--- STORED DATA Enclosed Below ---

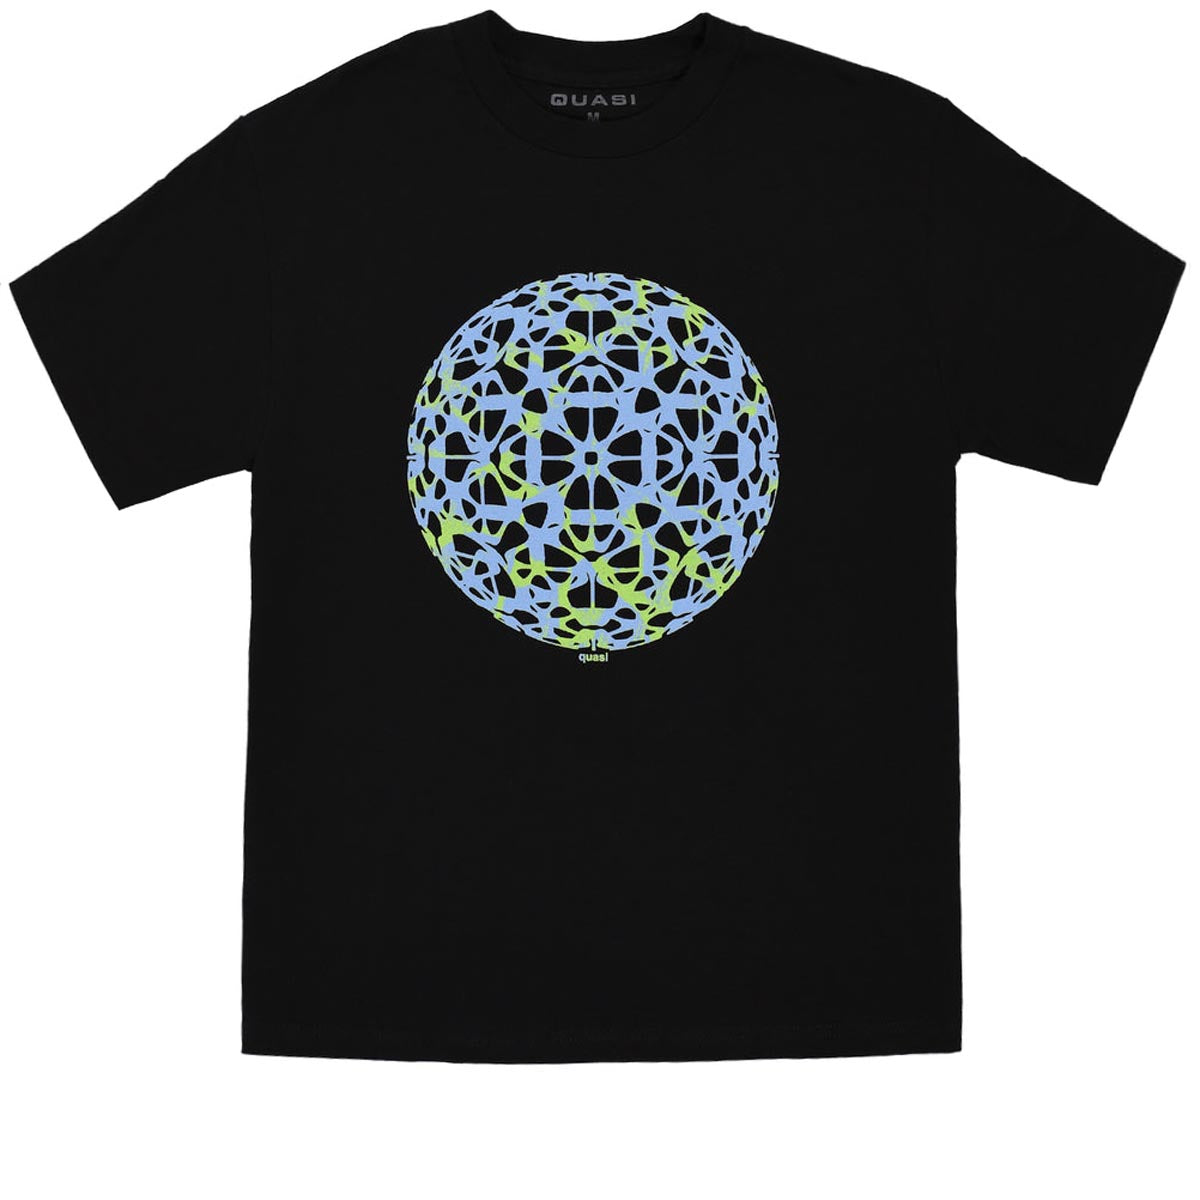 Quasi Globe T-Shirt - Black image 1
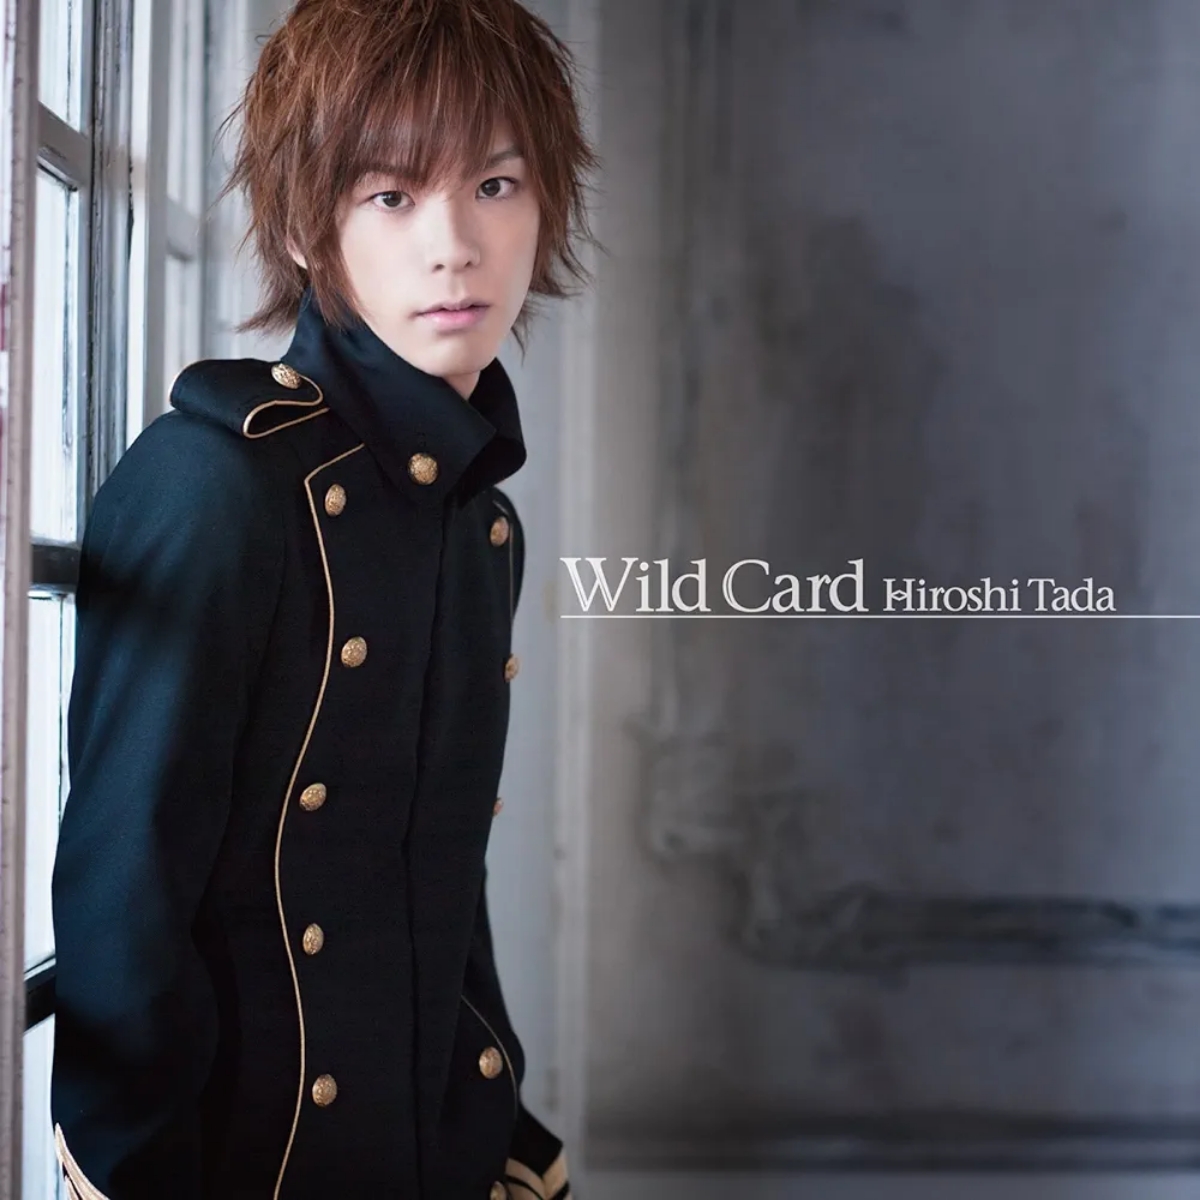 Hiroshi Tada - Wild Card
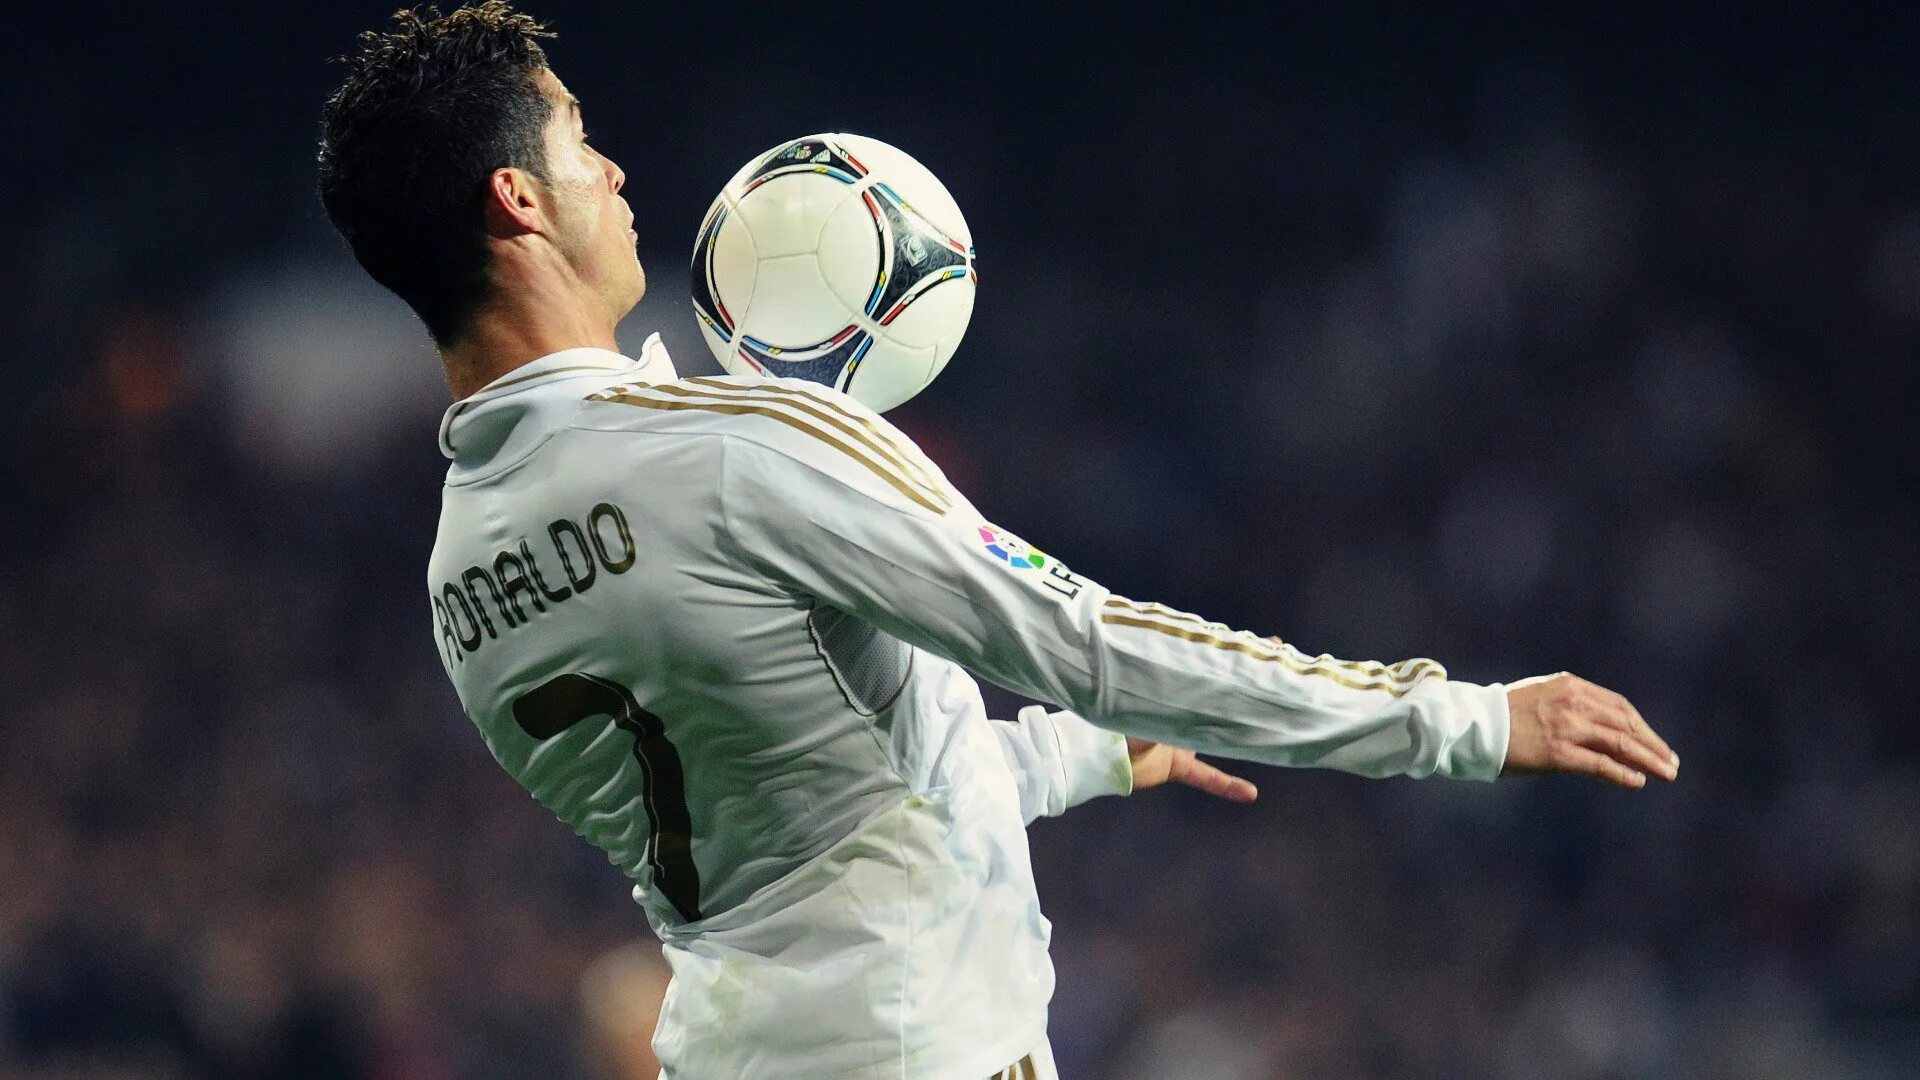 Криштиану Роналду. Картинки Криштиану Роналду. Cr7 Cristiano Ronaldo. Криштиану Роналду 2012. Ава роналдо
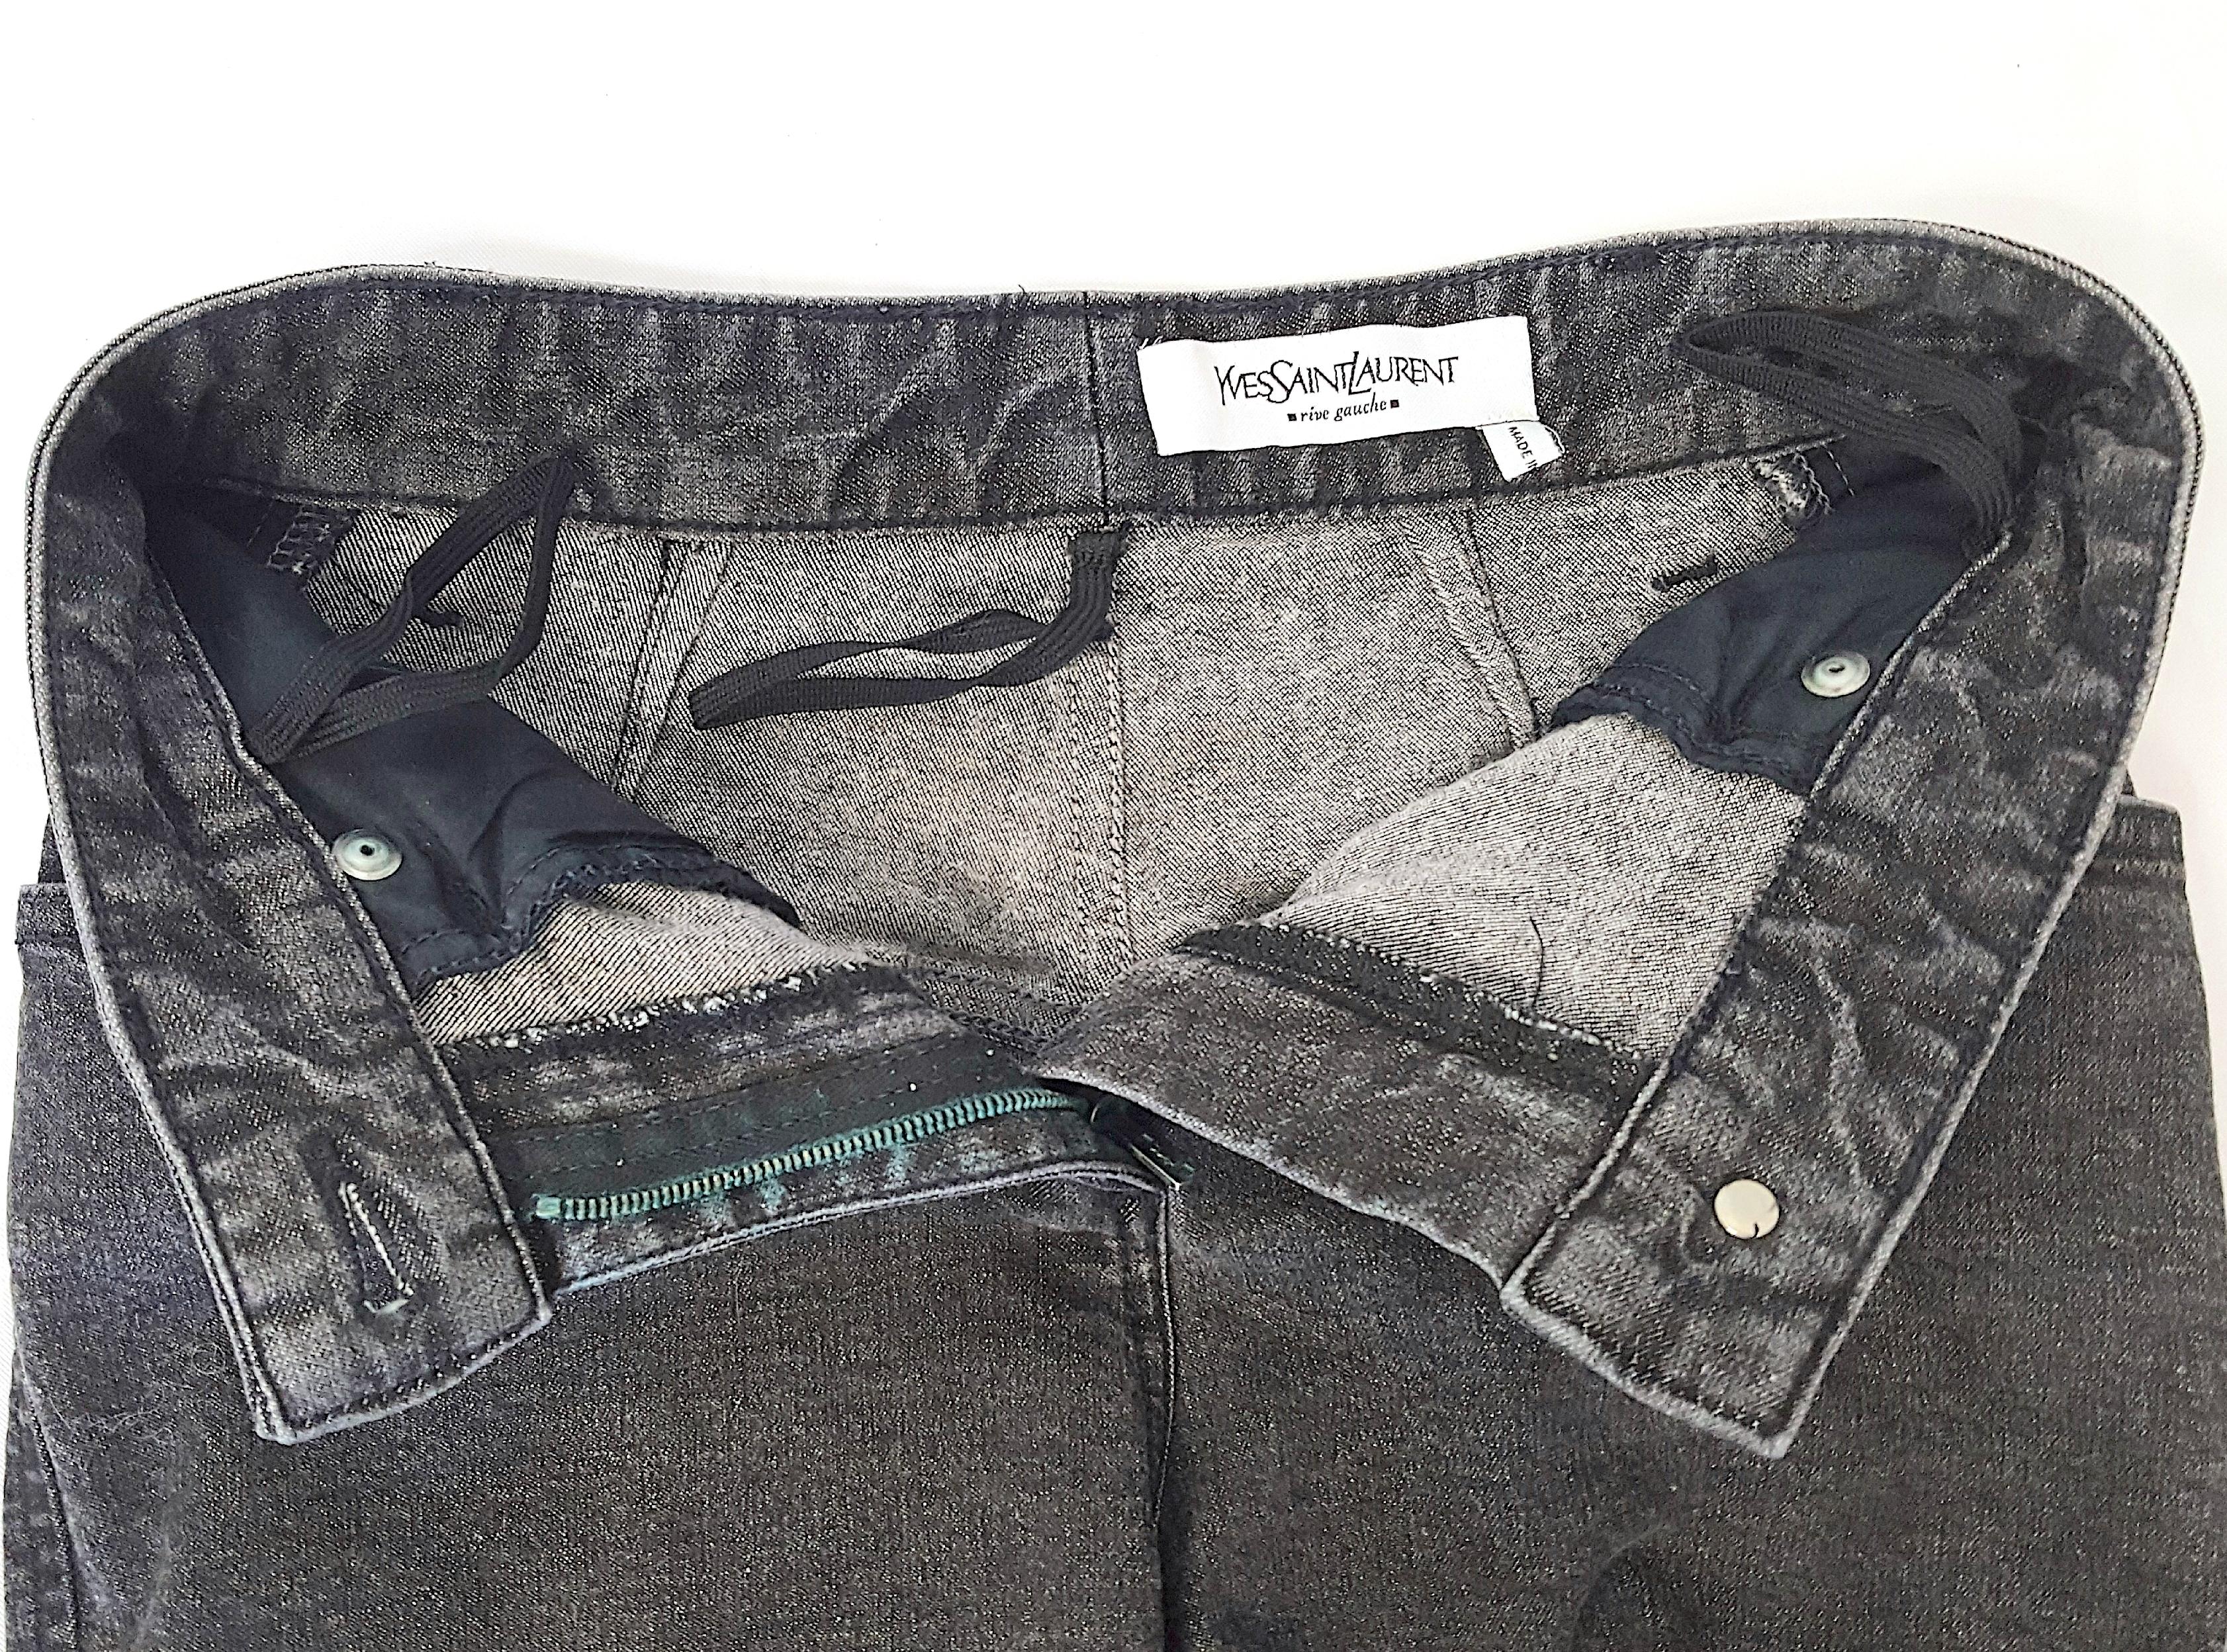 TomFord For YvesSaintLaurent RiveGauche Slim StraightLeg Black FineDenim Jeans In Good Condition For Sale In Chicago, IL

--- End of Enclosed STORED DATA ---

◆ **ABOUT THIS EXERCISE**:
Your task is to repeat only the lines from the line containing "Hiroshi Tada - Wild Card" through the final line of the material, inclusive; do not include pictures.

◆ **TASK ANSWER**:
 Hiroshi Tada - Wild Card
 Криштиану Роналду. Картинки Криштиану Роналду. Cr7 Cristiano Ronaldo. Криштиану Роналду 2012. Ава роналдо
 TomFord For YvesSaintLaurent RiveGauche Slim StraightLeg Black FineDenim Jeans In Good Condition For Sale In Chicago, IL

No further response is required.